Salah satu risiko kehidupan manusia adalah sakit. Risiko sakit ini bisa terjadi kapan saja. Studi dari WHO tahun 2014 menyebutkan bahwa 67% penyebab kematian adalah penyakit kritis seperti stroke, jantung, diabetes dan kanker. Bahkan angka ini diprediksi akan meningkat hingga 75% di tahun 2020.

Penyakit kritis adalah penyakit yang berisiko tinggi terhadap kematian, biasanya membutuhkan waktu pengobatan yang berkelanjutan dengan biaya yang tidak sedikit. Studi dari ASEAN yang diberitakan Kompas di tahun 2011 menyebutkan 85% kemungkinan penderita kanker mengalami kebangkrutan. Sungguh, penyakit kritis itu tak hanya menimbulkan penderitaan secara fisik dan psikologis, tapi juga secara finansial.

Seberapa besar risiko kita terhadap penyakit kritis akan sangat bergantung pada kondisi bawaan dan gaya hidup kita sendiri. Sekedar sharing, 2 dari 5 orang anggota keluarga saya pernah terkena penyakit kritis: almarhum ayah saya meninggal karena kanker dan adik saya adalah survivor brain tumor. Saya sendiri pernah mengalami pengangkatan tumor jinak di kandungan, jadi walaupun tidak terkategori sebagai penyakit kritis, namun risiko saya cukup tinggi.
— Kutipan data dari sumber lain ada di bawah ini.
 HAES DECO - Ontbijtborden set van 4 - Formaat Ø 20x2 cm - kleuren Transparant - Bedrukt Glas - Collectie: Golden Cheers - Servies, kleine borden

Makanya saya benar-benar harus menjaga kesehatan sebagai tindakan preventif, dan rajin melakukan medical check-up untuk deteksi dini.

Selain tindakan pencegahan tadi, perlu juga kita menyiapkan perlindungan terhadap kemampuan finansial kita. Karena sebenarnya tidak ada orang mau sakit, jadi seringnya dana kesehatan malah terlupakan.
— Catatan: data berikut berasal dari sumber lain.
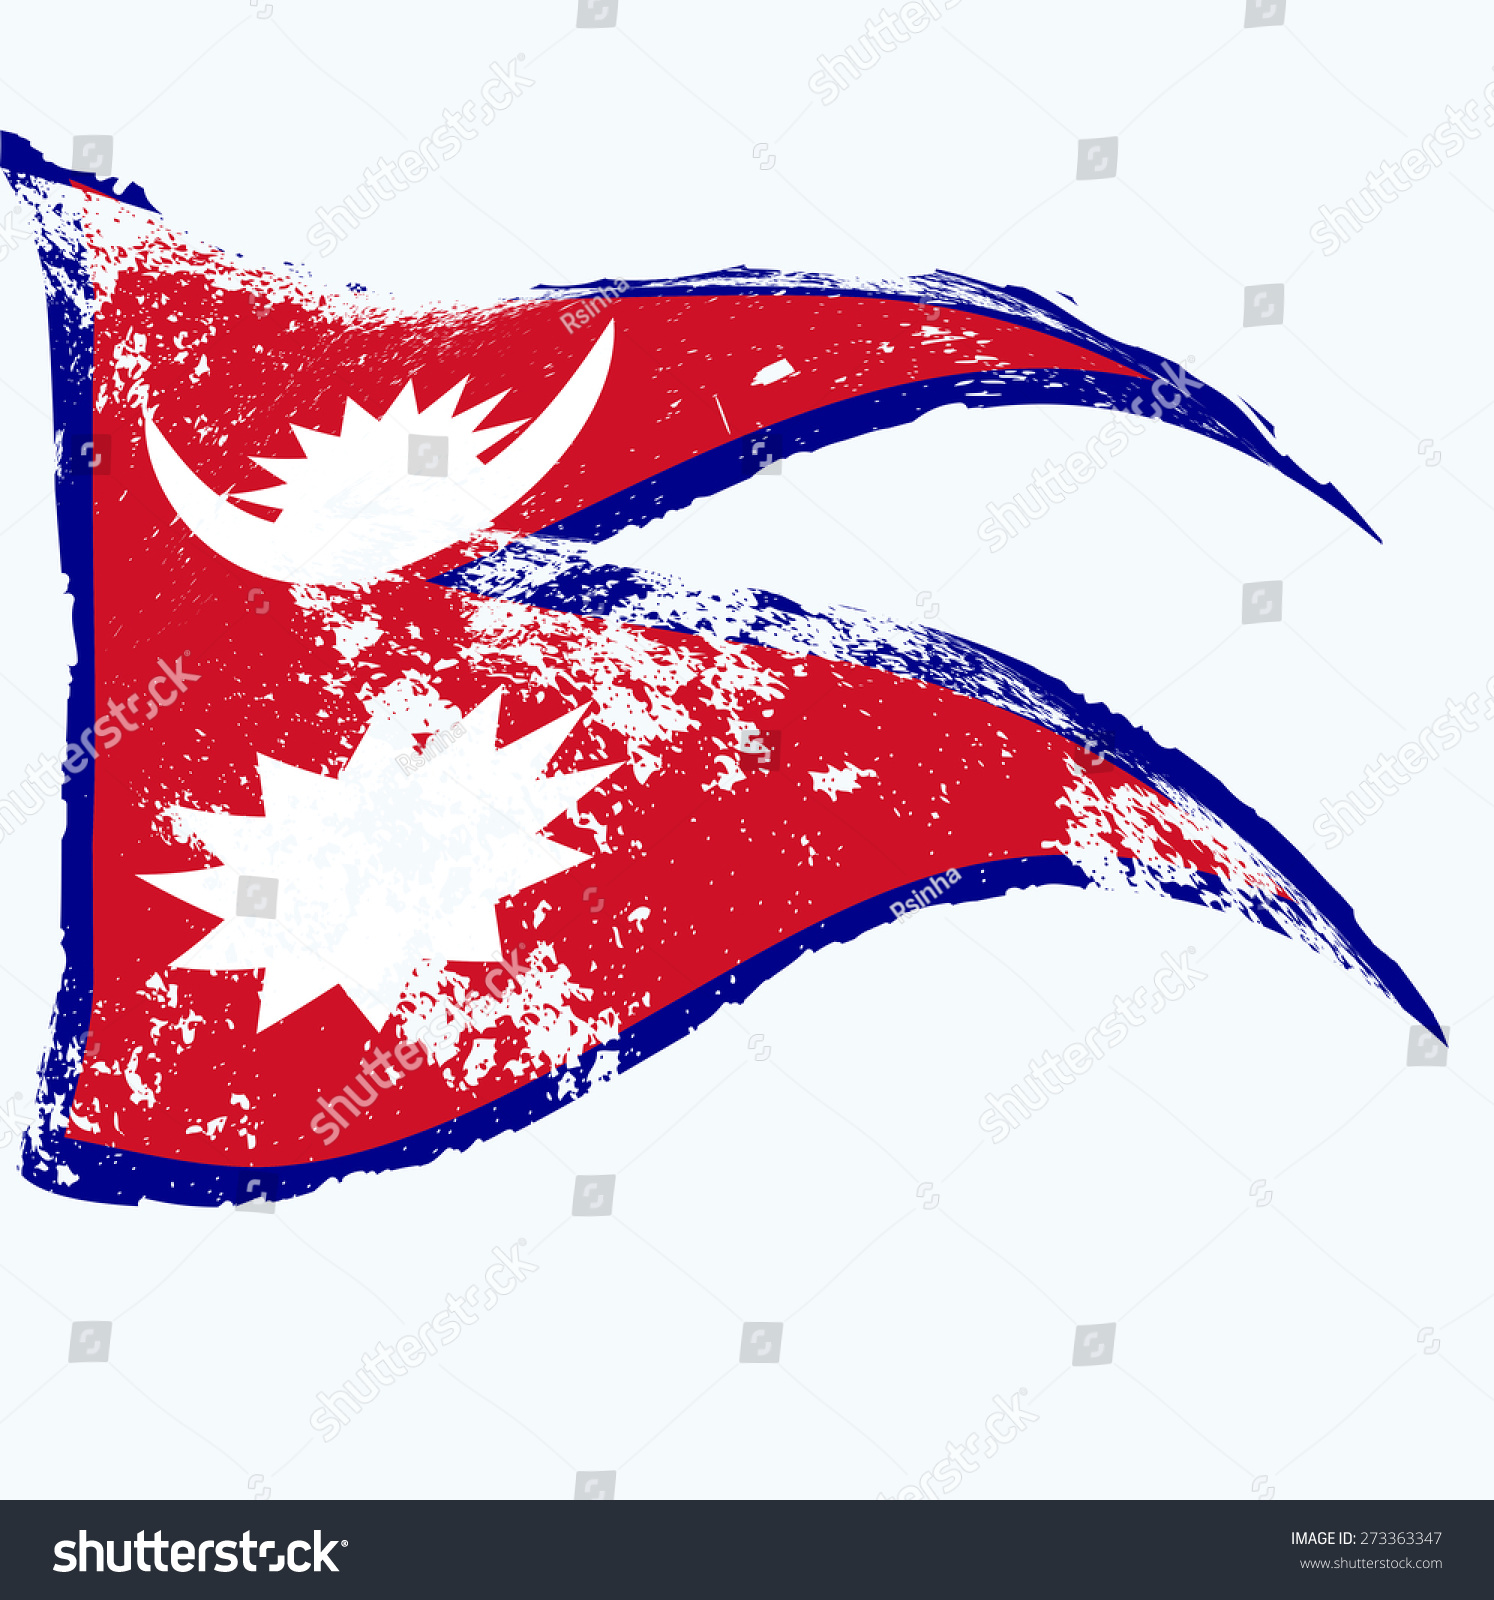 Nepal Flag Grunge Stock Vector (2018) 273363347 - Shutterstock

Asuransi kesehatan adalah proteksi yang paling penting untuk dimiliki tiap individu, yaitu penggantian atas biaya pengobatan di kala sakit. Program BPJS Kesehatan dari pemerintah telah banyak membantu masyarakat mendapat perlindungan kesehatan dengan harga dan layanan yang terjangkau.

Selain itu ada juga asuransi penyakit kritis, yaitu sejumlah uang pertanggungan yang akan dibayarkan secara lump sum apabila seseorang terdiagnosa penyakit kritis. Apakah menjadi double bila punya keduanya, asuransi kesehatan dan asuransi penyakit kritis?  Uang pertanggungan dari asuransi penyakit kritis dapat digunakan untuk dana pengobatan tambahan yang tidak di-cover asuransi kesehatan (misalnya vitamin, alat bantu kesehatan, dll), biaya keluarga yang menunggu, juga sebagai pengganti income yang mungkin hilang bila sakit tsb menyebabkan pasien tak dapat bekerja kembali.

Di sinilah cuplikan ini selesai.